Ethical and practical problems in blood sampling for research purposes during pre‐hospital emergencies

Background:  Research in the pre‐hospital phase of emergencies involves certain ethical and practical challenges. Severely ill or injured patients are not able to give informed consent in the immediate stressful situation. The aim of this pilot study was to find an ethically acceptable method to carry out research in acutely ill or injured patients before any treatment was given in order to be able to study the acute and unmodified systemic inflammatory response to trauma.

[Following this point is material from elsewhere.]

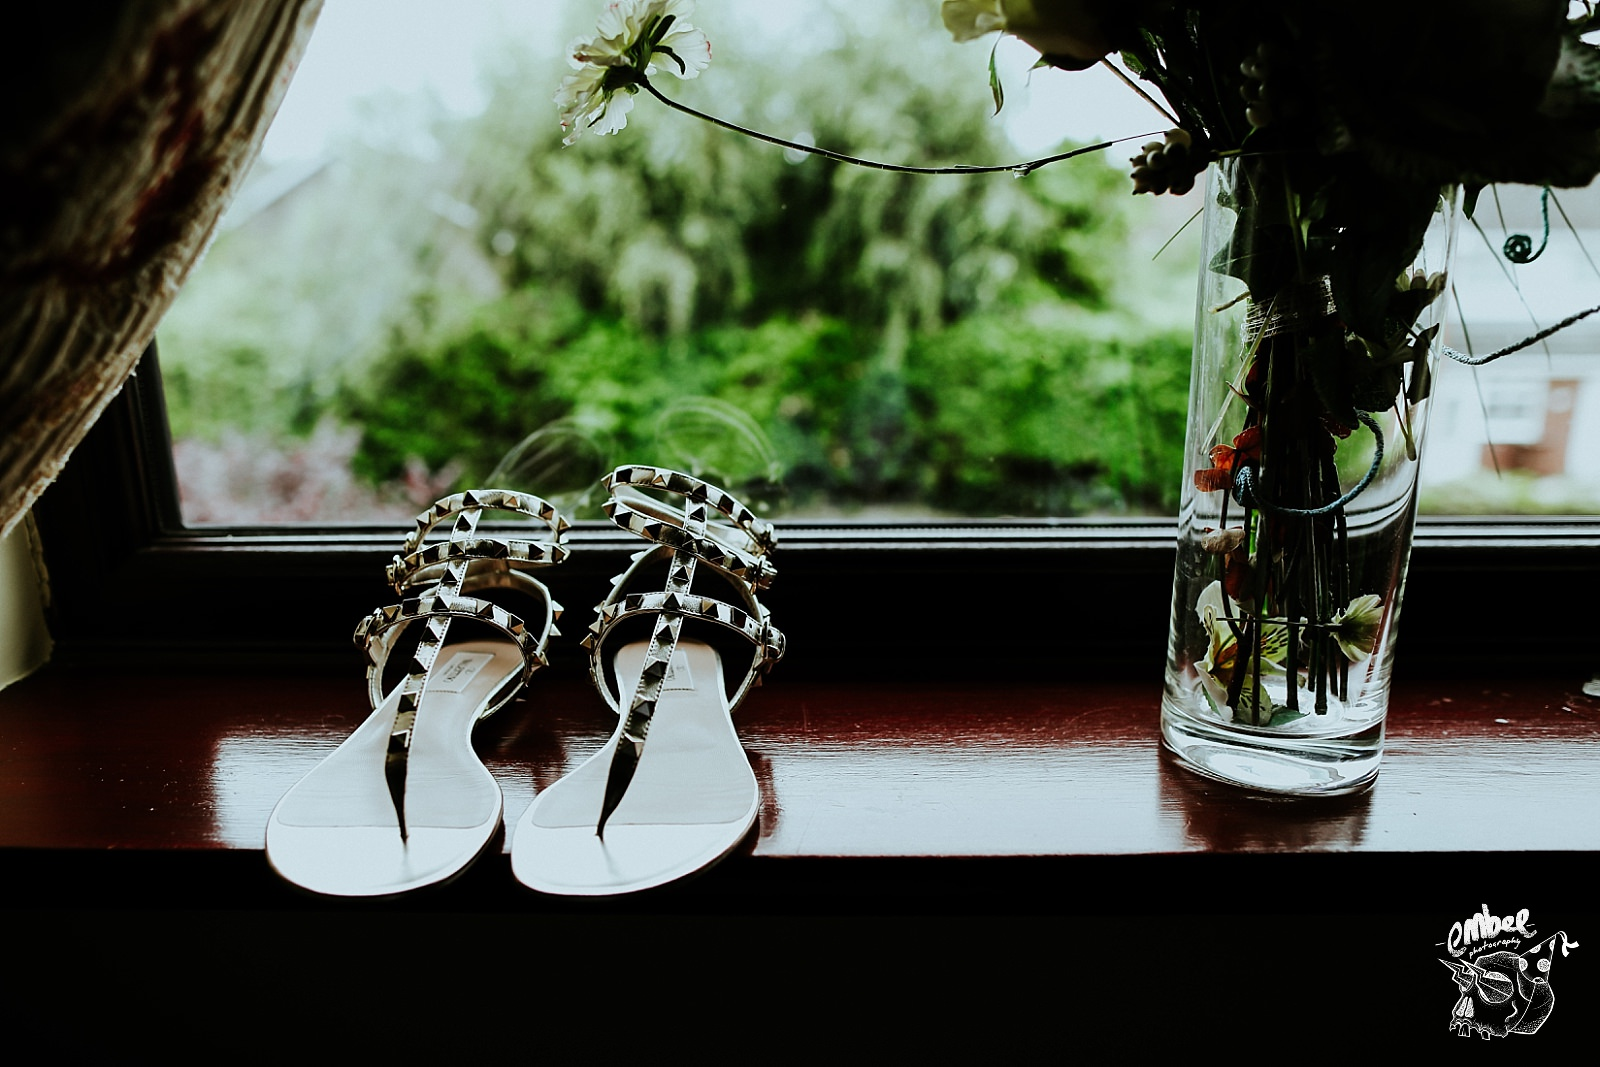 brides shoes on window ledge

Methods:  Younger physicians were assigned to the mobile emergency care unit (MECU) on a volunteer basis. They drew blood samples ‘at the scene’ from patients exposed to accidental injury or from patients with acute medical emergencies. The ethical committee accepted that informed consent to blood analyses could be postponed until later or given by relatives. Pro‐ and anti‐inflammatory cytokines, catecholamines and cortisol were measured. Results:  During 6 months, the study group accompanied the MECU on approximately 500 call‐outs. Blood samples were drawn from 42 patients. Consent to the analysis of blood samples was obtained in 30 cases. In 20 cases, it was not possible to draw the blood sample before medication. Conclusion:  This pilot study showed that it was possible to conduct blood sampling from acutely ill patients ‘at the scene’. However, the present legislation on informed consent makes this type of research very time consuming. When patients die in hospital and no relatives can be found, consent cannot be obtained, and information from these severely affected patients is lost.